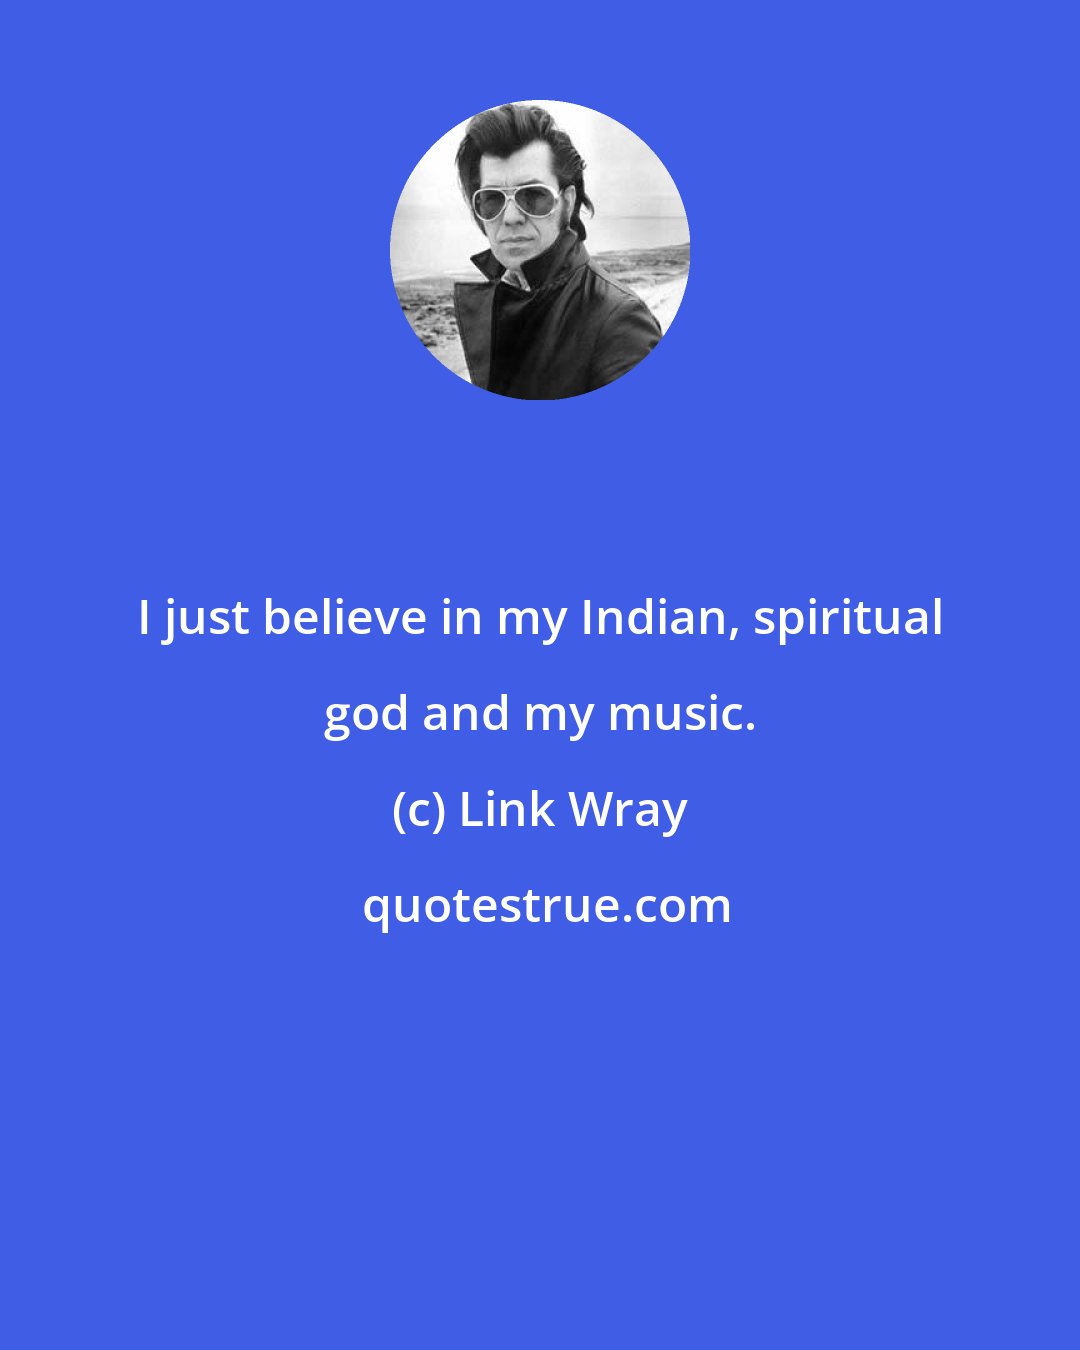 Link Wray: I just believe in my Indian, spiritual god and my music.
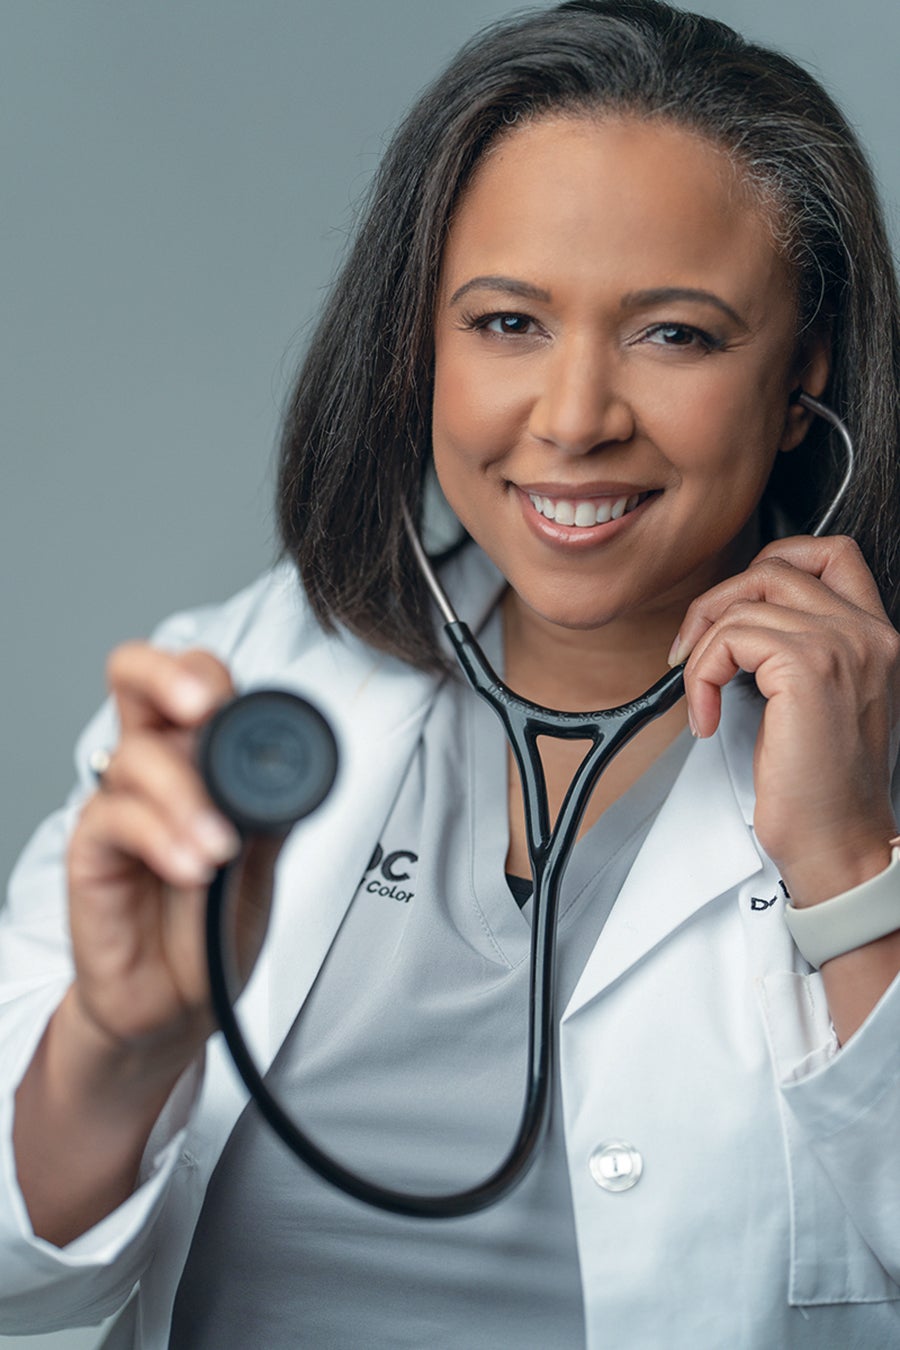 an African American woman wears a white medical coat and holds up a stethoscope
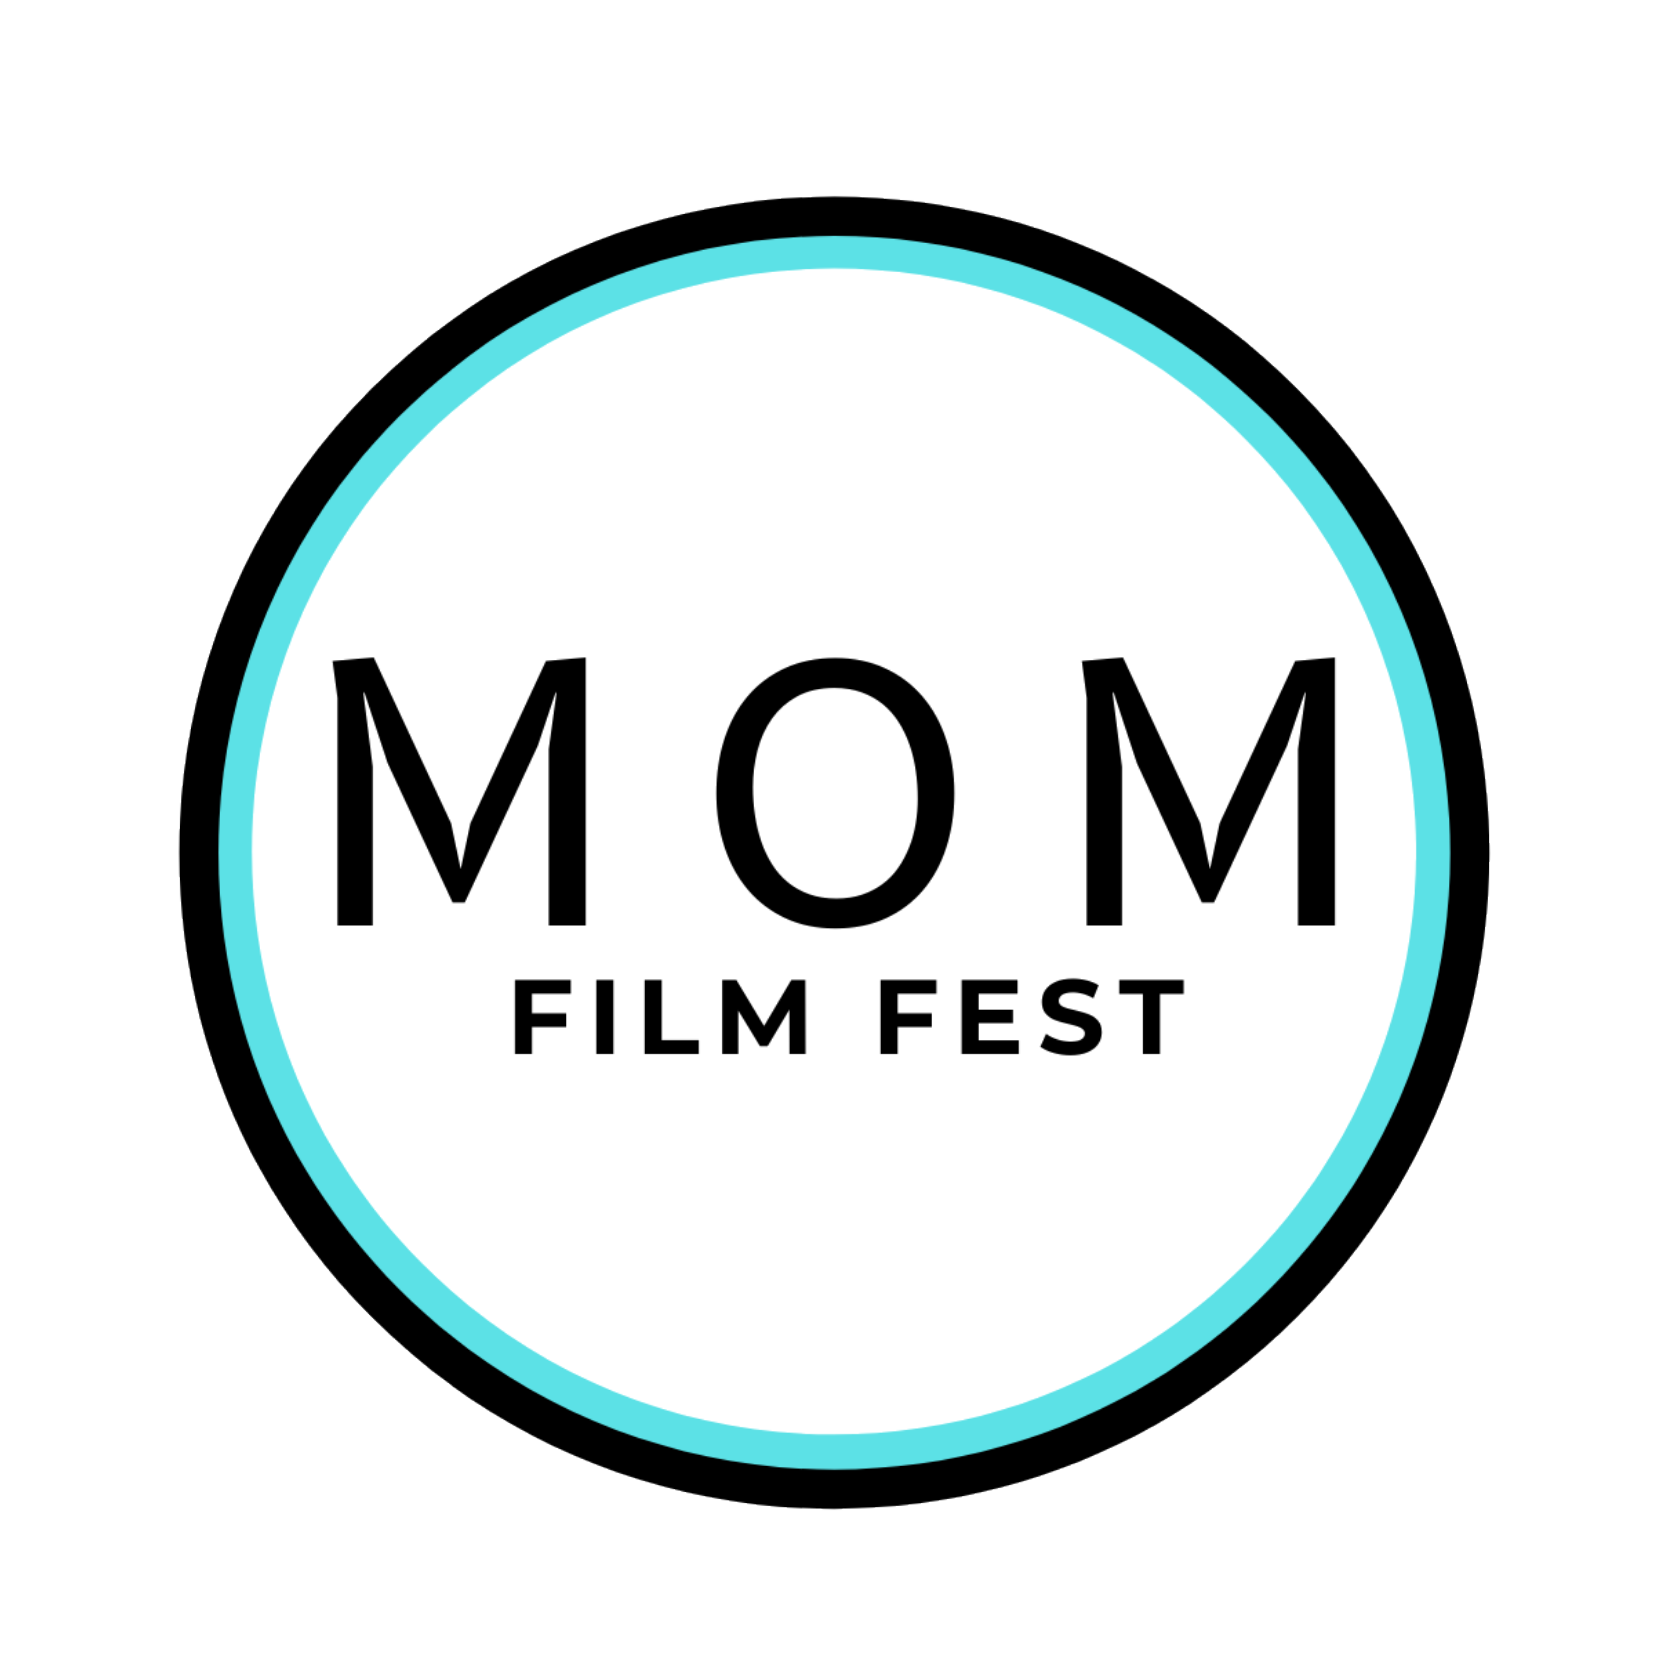 Welcome to MOM Film Fest Online Events
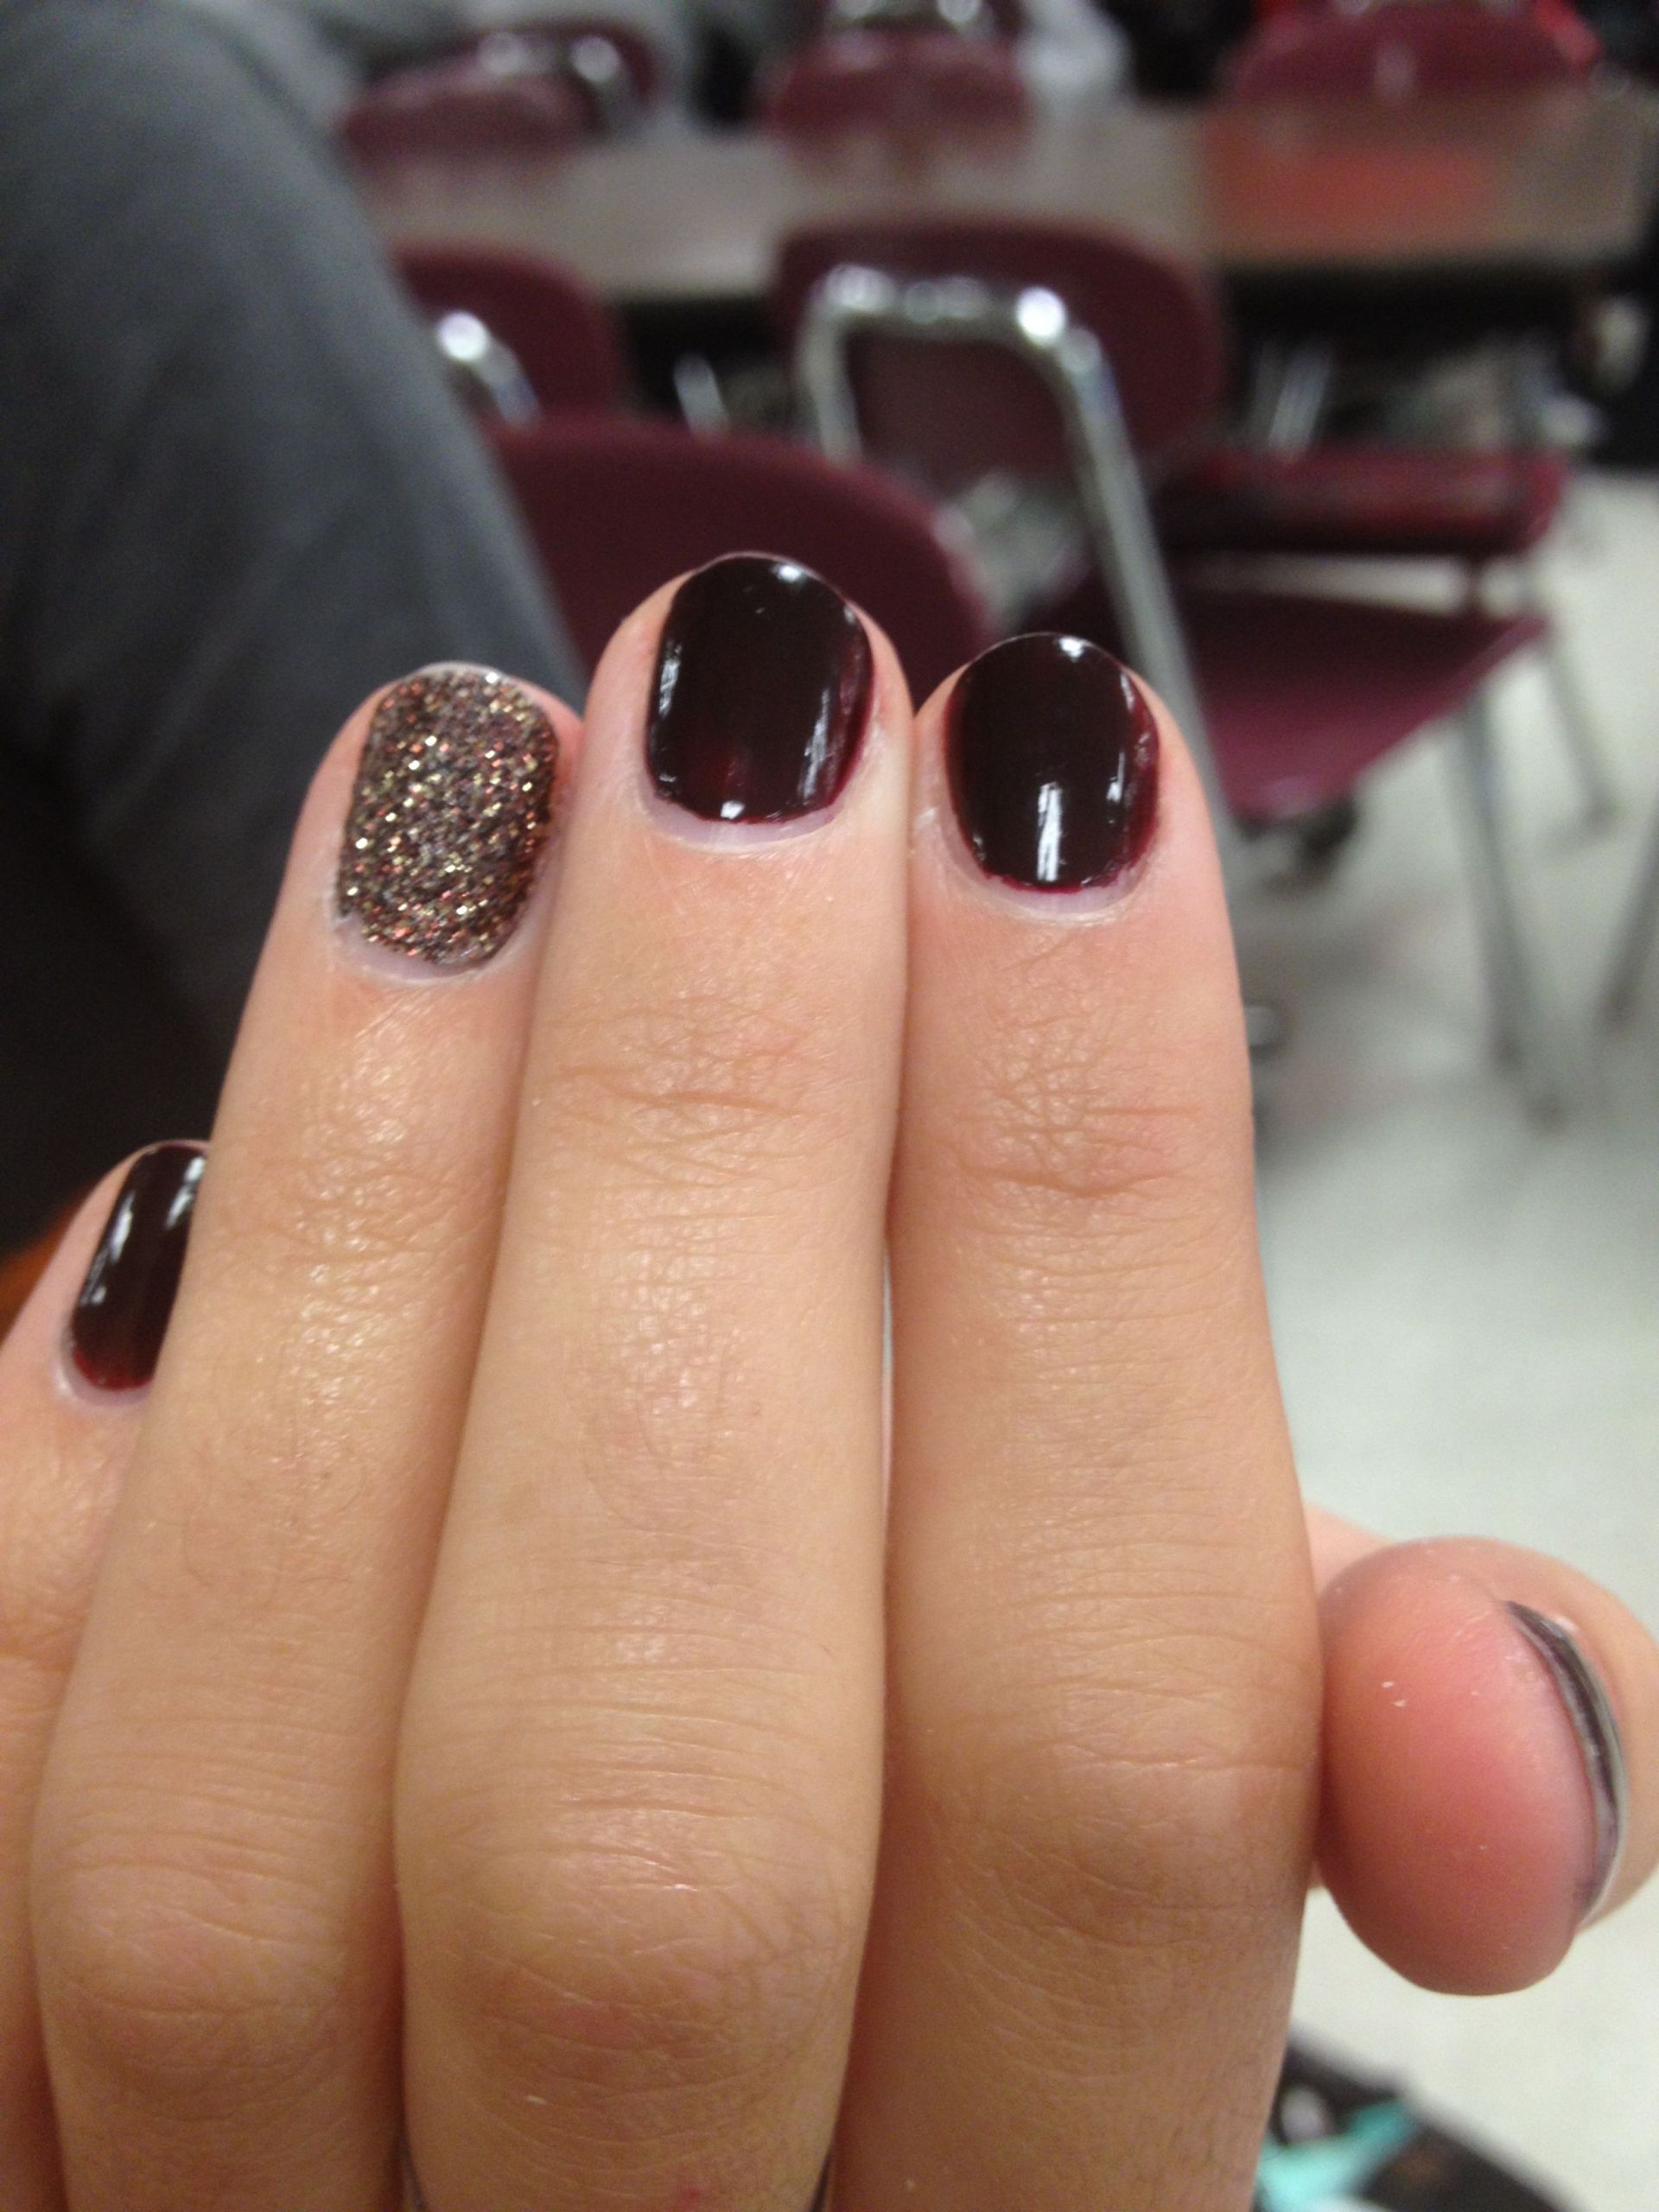 Pretty Nails Raleigh
 The perfect fall nails Dark maroon and silver glitter

## [Problem statement]
Transcribe all of the records above character for character. Exclude the pictures.

## [Task solution]
 Link Wray: I just believe in my Indian, spiritual god and my music.
 an African American woman wears a white medical coat and holds up a stethoscope
 Welcome to MOM Film Fest Online Events
 Pretty Nails Raleigh
 The perfect fall nails Dark maroon and silver glitter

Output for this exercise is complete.